Exercise brief:
Look through the records below for the line with "Two Burmese cast". Return that line and each one after it up to and including the line with "City Hall Park", exactly.

Stored items from a collection

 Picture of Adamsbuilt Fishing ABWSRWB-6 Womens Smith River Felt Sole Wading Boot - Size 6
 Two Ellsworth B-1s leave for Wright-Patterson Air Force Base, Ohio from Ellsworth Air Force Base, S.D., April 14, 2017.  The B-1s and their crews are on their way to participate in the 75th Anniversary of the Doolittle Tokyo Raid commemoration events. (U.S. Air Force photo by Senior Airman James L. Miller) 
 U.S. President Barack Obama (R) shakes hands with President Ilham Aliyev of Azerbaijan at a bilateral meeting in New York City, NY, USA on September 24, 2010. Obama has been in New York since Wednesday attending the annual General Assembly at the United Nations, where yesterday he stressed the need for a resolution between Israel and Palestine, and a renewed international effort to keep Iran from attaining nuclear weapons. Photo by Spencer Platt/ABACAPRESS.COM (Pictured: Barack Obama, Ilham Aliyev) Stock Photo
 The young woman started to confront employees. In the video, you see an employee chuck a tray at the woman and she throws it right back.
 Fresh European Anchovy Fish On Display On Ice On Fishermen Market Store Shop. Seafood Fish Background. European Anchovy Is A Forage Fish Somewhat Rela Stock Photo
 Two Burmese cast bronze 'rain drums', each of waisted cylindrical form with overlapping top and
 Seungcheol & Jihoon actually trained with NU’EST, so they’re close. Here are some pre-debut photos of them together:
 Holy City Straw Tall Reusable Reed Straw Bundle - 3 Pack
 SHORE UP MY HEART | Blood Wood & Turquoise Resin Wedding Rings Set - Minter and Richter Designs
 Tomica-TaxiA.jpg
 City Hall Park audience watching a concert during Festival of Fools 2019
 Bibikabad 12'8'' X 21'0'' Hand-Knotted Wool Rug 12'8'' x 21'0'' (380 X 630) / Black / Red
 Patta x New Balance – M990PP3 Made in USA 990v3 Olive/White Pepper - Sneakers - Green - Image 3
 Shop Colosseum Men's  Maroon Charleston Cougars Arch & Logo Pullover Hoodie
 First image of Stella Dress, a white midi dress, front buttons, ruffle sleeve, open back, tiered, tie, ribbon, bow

Written response:
 Two Burmese cast bronze 'rain drums', each of waisted cylindrical form with overlapping top and
 Seungcheol & Jihoon actually trained with NU’EST, so they’re close. Here are some pre-debut photos of them together:
 Holy City Straw Tall Reusable Reed Straw Bundle - 3 Pack
 SHORE UP MY HEART | Blood Wood & Turquoise Resin Wedding Rings Set - Minter and Richter Designs
 Tomica-TaxiA.jpg
 City Hall Park audience watching a concert during Festival of Fools 2019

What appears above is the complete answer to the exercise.